Erlang inspired error handling with superv.async.

March 10, 2016

Clojure error handling

Proper error handling is hard. I have struggled with it often without recognizing it. You might think that you can add try-catch mechanisms to sections you find prone to error, typically sections doing IO with remote systems and services. While you realize such sections when you write them personally, this context is lost when you use libraries in an impure language. Clojure goes a long way in providing a pure state management concept which shields you from errors. As long as you properly separate your IO functions, there is a limited interface on which exceptions can propagate. But is this assurance good enough? I have experienced that once your state becomes more and more linked to external systems, code covering these systems also tends to spread, yielding possibly distributed error states which need to be addressed on higher levels.

Clojure has nice concepts of how to deal with errors beyond try-catch mechanisms with exceptions. There are libraries providing the Common Lisp condition system for Clojure and as Chris Houser has pointed out, even a simple dynamic scoping will doAnd will compose properly. . This approach has many benefits, importantly it can allow robustness (restarts), which are not possible when an exception has unwound the stack.

Erlang error handling

So does this cut it? I have faced a more profound problem with Clojure error handling in core.async. But this only lead me to investigate the design space a bit, most prominently the Erlang Let it crash principle.

Hindenburg crash

So before diving into error handling with core.async, I will briefly describe the Erlang error handling concept. It is a succinct feature of Erlang, which makes it profoundly solid as a language to build error-prone distributed systems with very high reliability despite lacking a type system. Clojure with CSP core.async is very similar in this regard, but by default it lacks the same quality error handling.

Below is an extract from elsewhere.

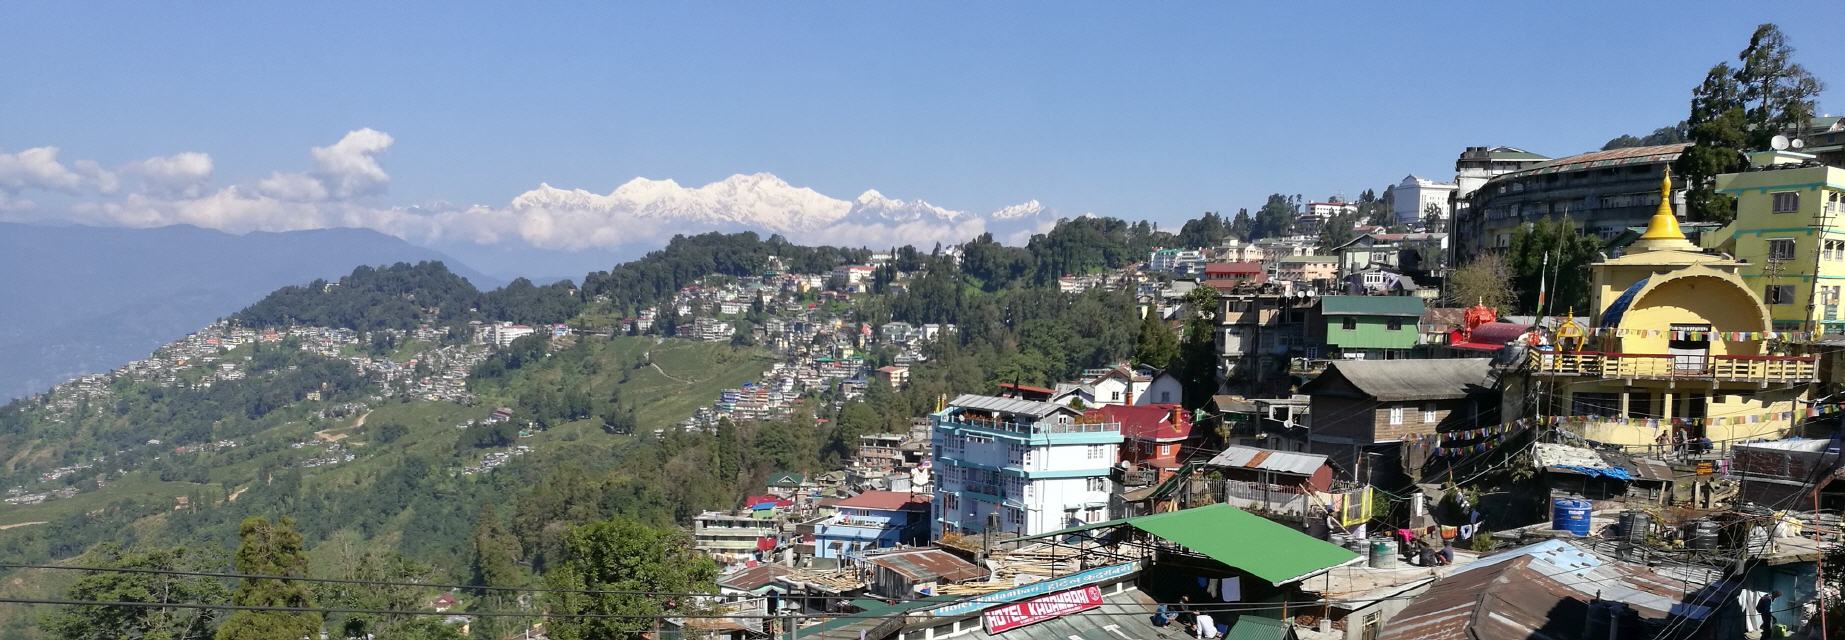 Darjeeling im Himalaya

Erlang uses links and monitors to track different processes (actors) automatically and using these mechanisms preemptively terminates processes linking to a dying process. This importantly allows to easily restart whole subsystems if something goes wrong. You do not handle the error locally if you are not sure what to do about it, but let your process crash, knowing that somebody might be able to catch the error on their monitor and deal with appropriately. Error handling is done in general at higher levels and incrementally added when the programmer experiences errors. But despite this lazy approach, the restarting concept allows to keep the system available as long as some higher system entity can properly restart. Technically there are many Erlang specific concepts like the linking of processes at runtime by refering to their name. But this is not essential for the concept, it only allows easier mutable adaptation of a running system and fits Erlang’s CSP design.

We can hence summarize the requirements for robust error handling by two qualities:These are only the core requirements to recover robustness.

  1. All errors must be catched and dealt with somewhere
  2. Resources must be properly freed to allow restarts

So how does this relate to Clojure? core.async uses the concept of go-routines, which are not the same as Erlang processes as they lack the addressing by names (like PIDs). Instead they are passed around as values, expanding a call tree at construction. They can be bound to vars or managed in STM primitives, but typically are rather used as in go-lang as dedicated routines which are called. core.async hence also does not have the send/receive mechanism of Erlang. This is not critical though, as we can recover the error handling requirements above without them.

Erlang inspired error handling in core.async

Coming back to error handling in core.async, it does not provide any error handling by default and throwing exceptions is broken. While it is easy to fix it by installing a default handler for all errors somewhere, it does not recover the Erlang qualities, but only installs one global handler. One might wonder whether go-lang itself has a good error handling, but I have found out that it has no comparable conceptsIt is not seen as a problem really. and advertises to deal with errors locally when possible. This does not recover the robustness requirements mentioned above and can leave subsystems in a broken state by wrongly handling errors in a too local scope. So what we need to do is ensure that we catch all exceptions and propagate them and also that once we decide to deal with an exception, we are able to restart the subsystem affected by it. This requires bidirectional communication, as we need to signal our restart intent. Importantly it is hence not enough to put exceptions on an error channel with a go-try macro construct.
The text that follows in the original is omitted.